# WORK TO COMPLETE
Please copy only the material from the line that has "Adam Monaco, Folk Musician." to the very last line, both ends included, exactly as written and without pictures.

# DATASET SECTION

▼

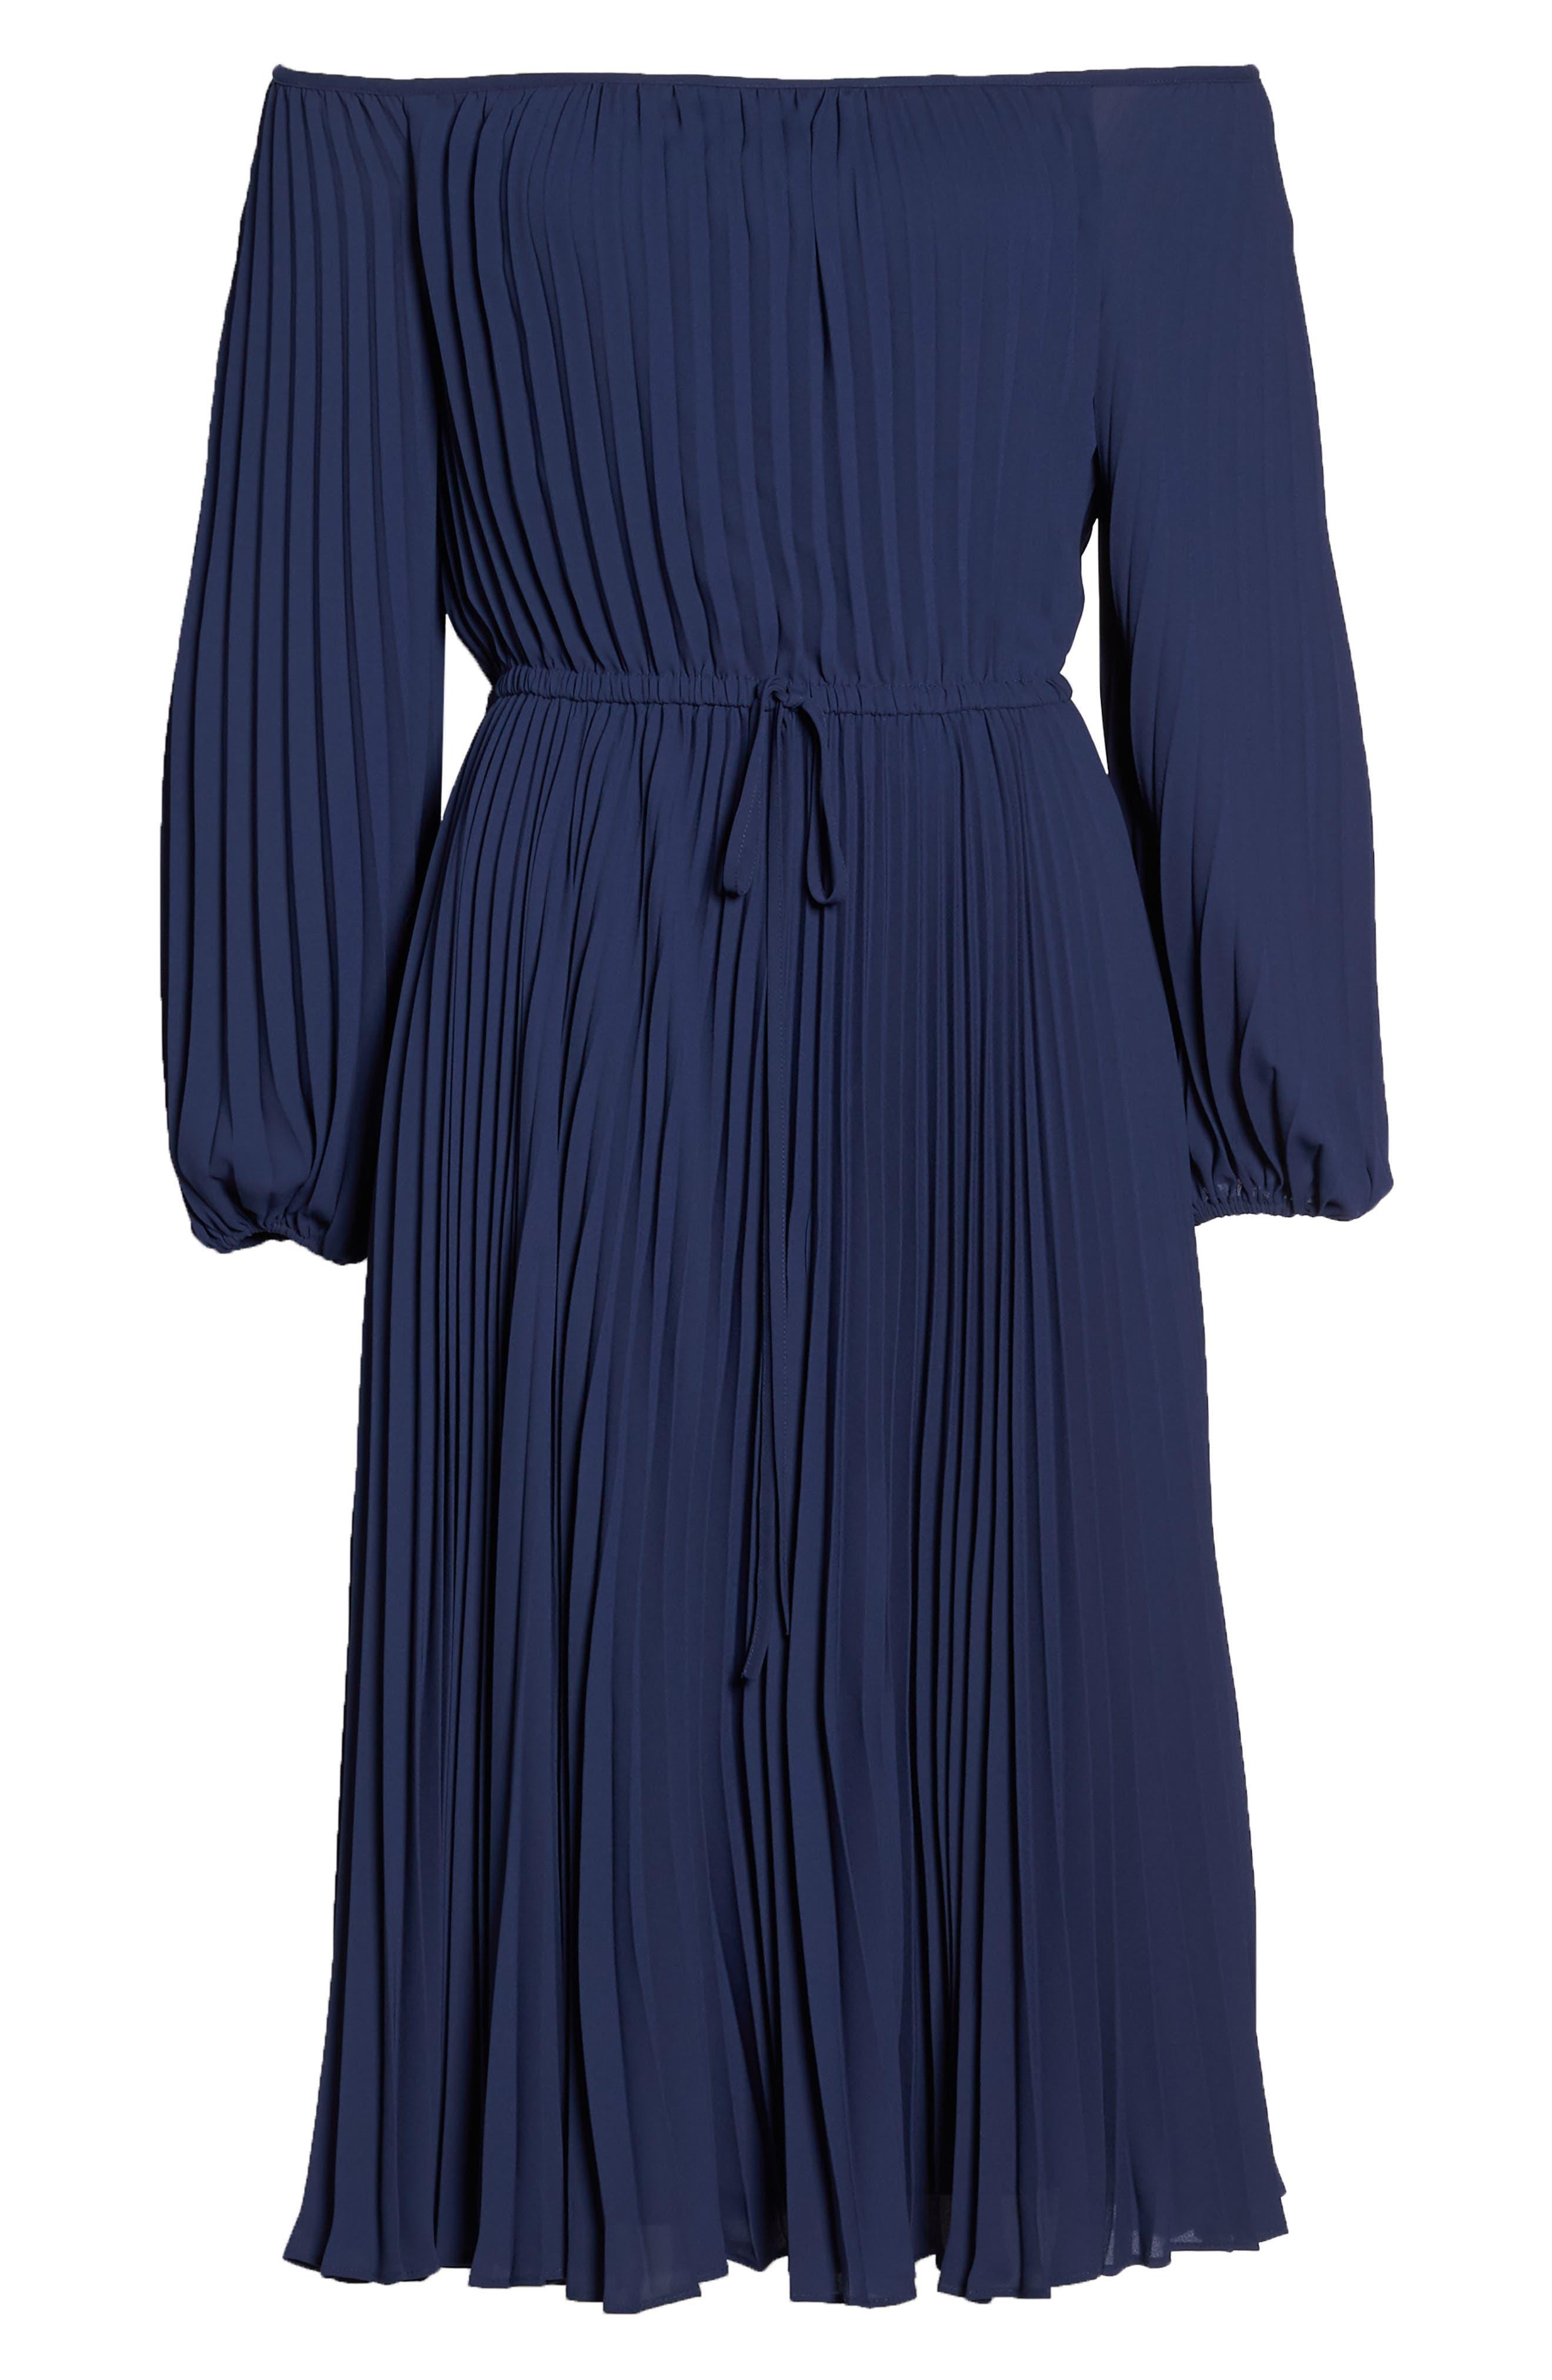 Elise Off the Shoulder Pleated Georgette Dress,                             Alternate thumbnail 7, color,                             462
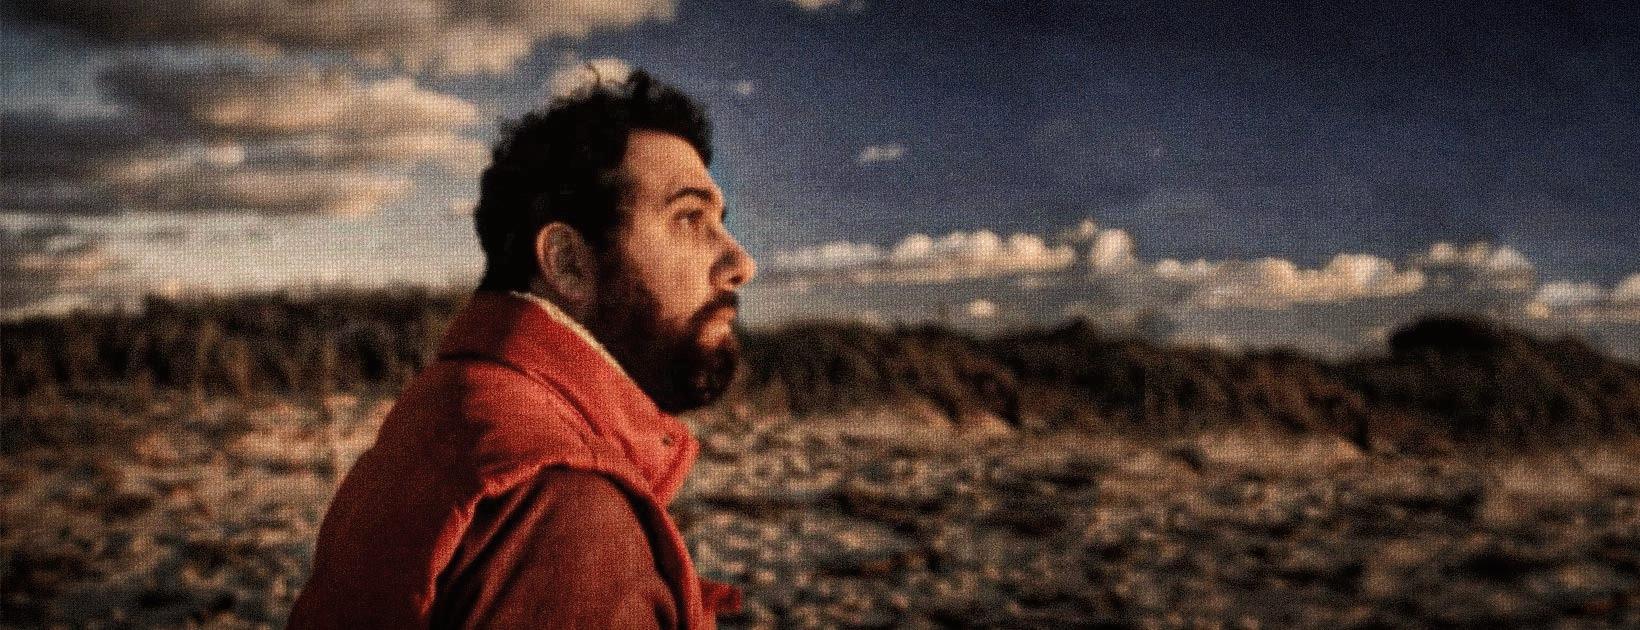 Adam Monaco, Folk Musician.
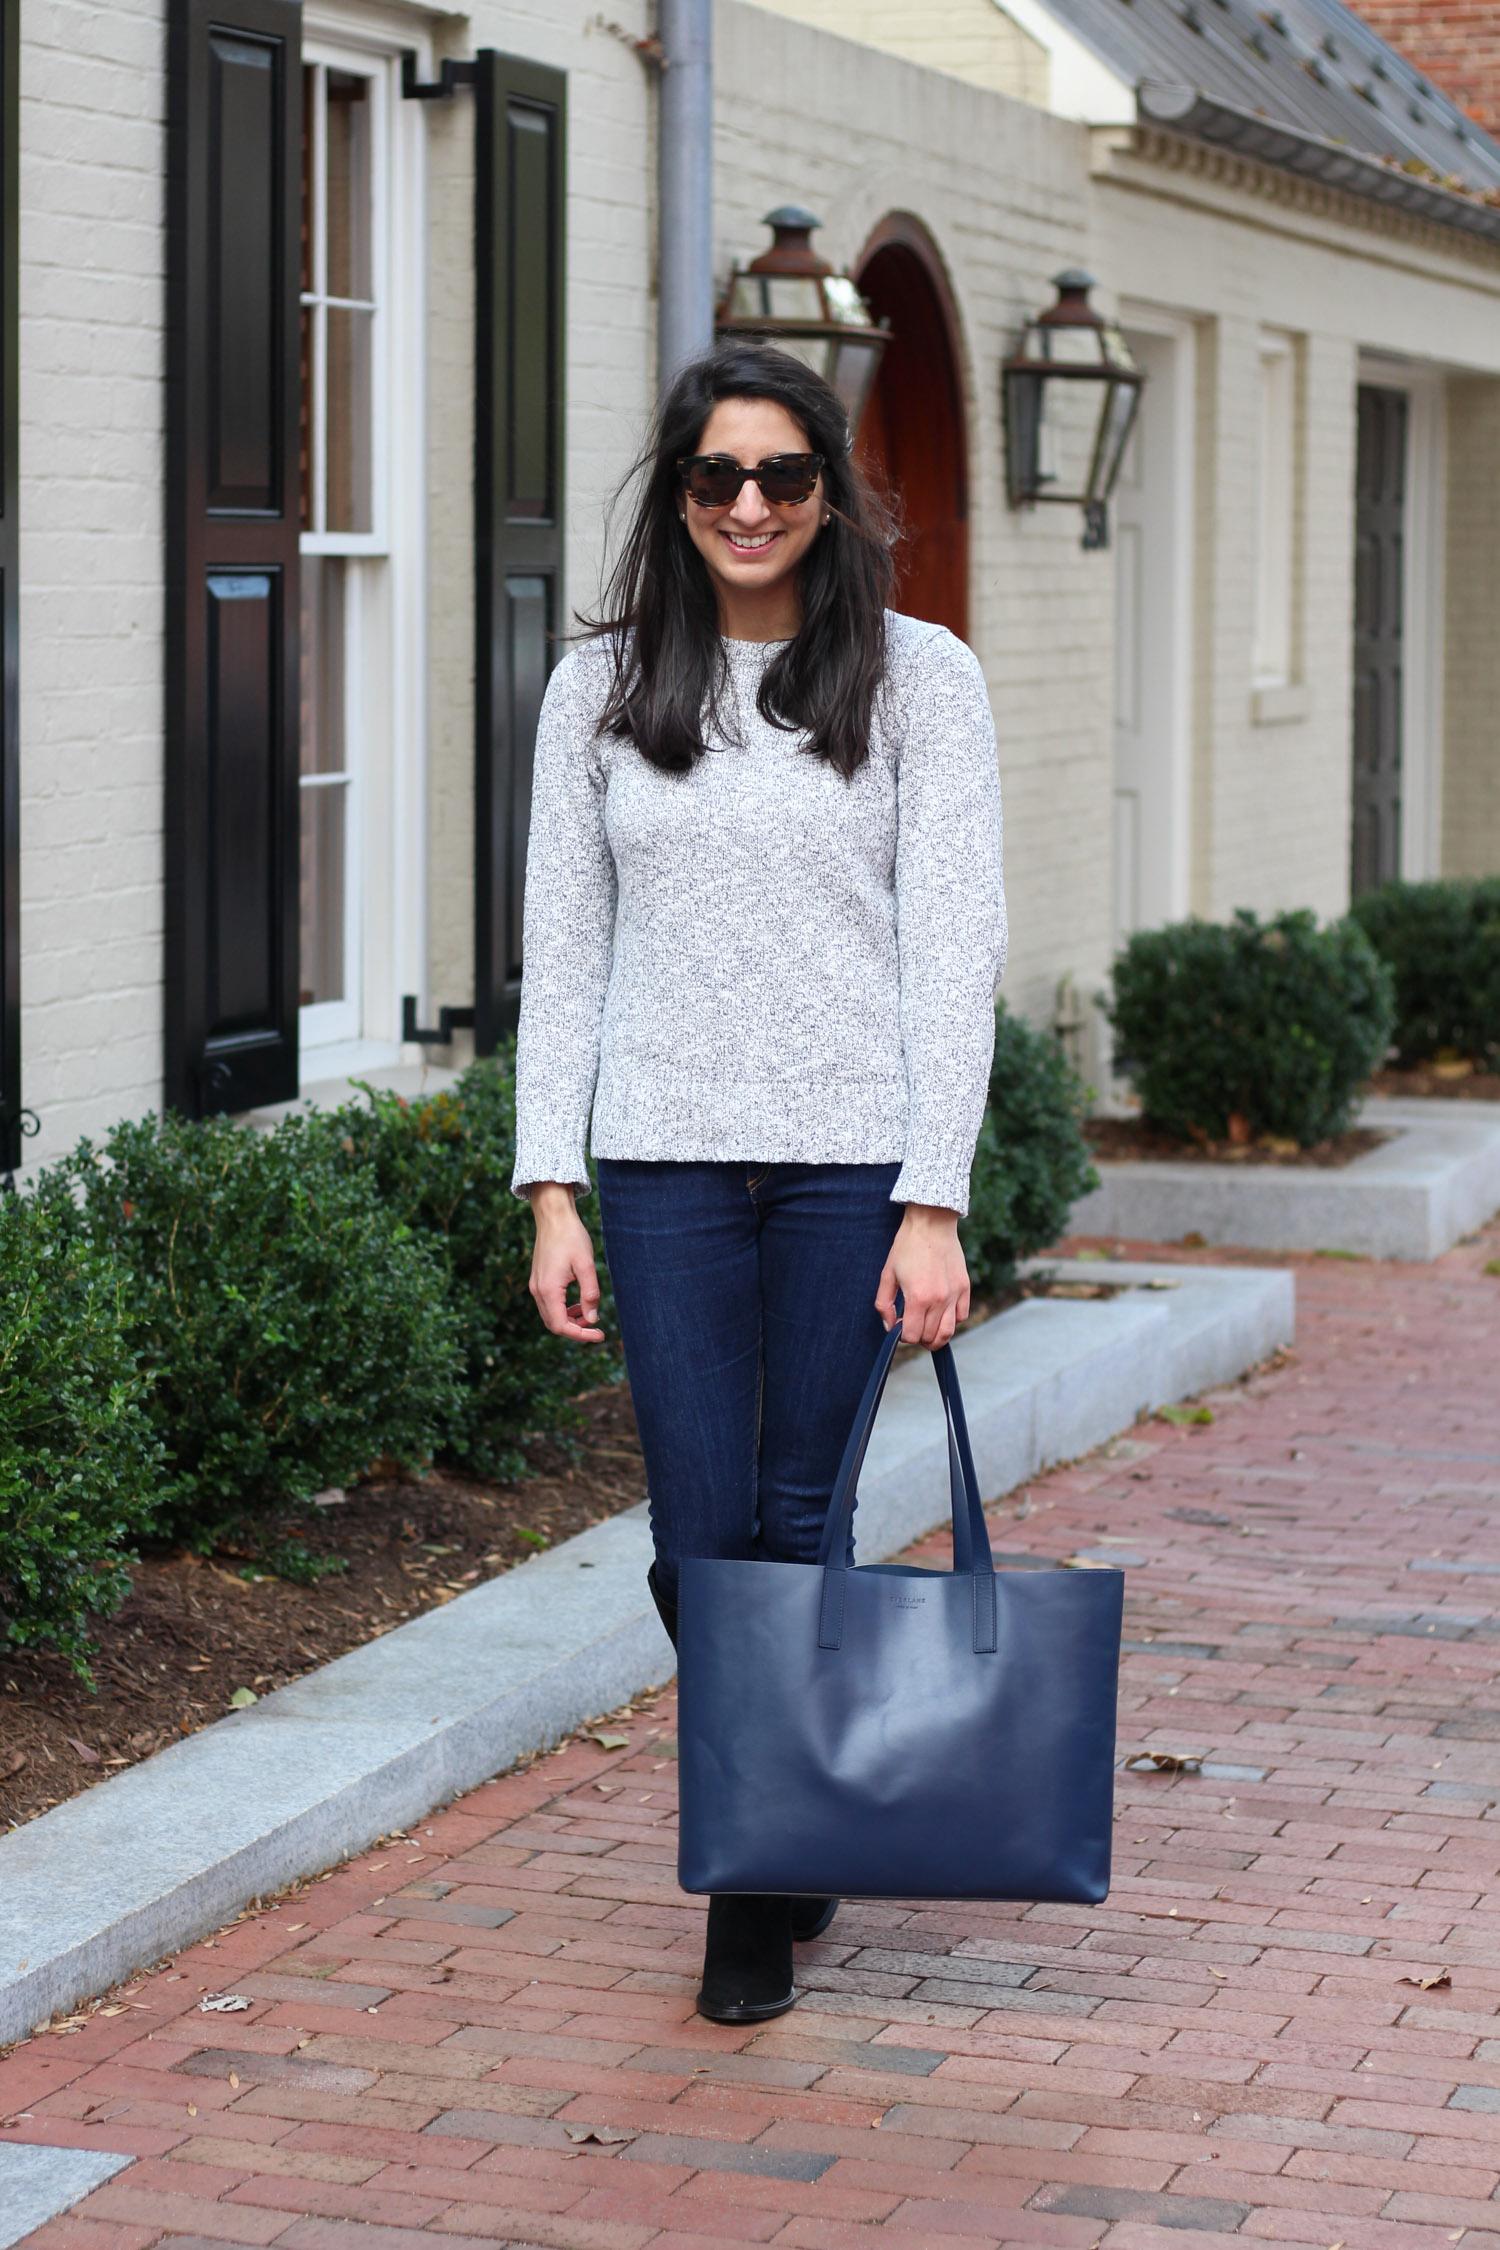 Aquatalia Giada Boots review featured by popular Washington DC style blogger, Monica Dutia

▲

# RESPONSE
 Adam Monaco, Folk Musician.
 Aquatalia Giada Boots review featured by popular Washington DC style blogger, Monica Dutia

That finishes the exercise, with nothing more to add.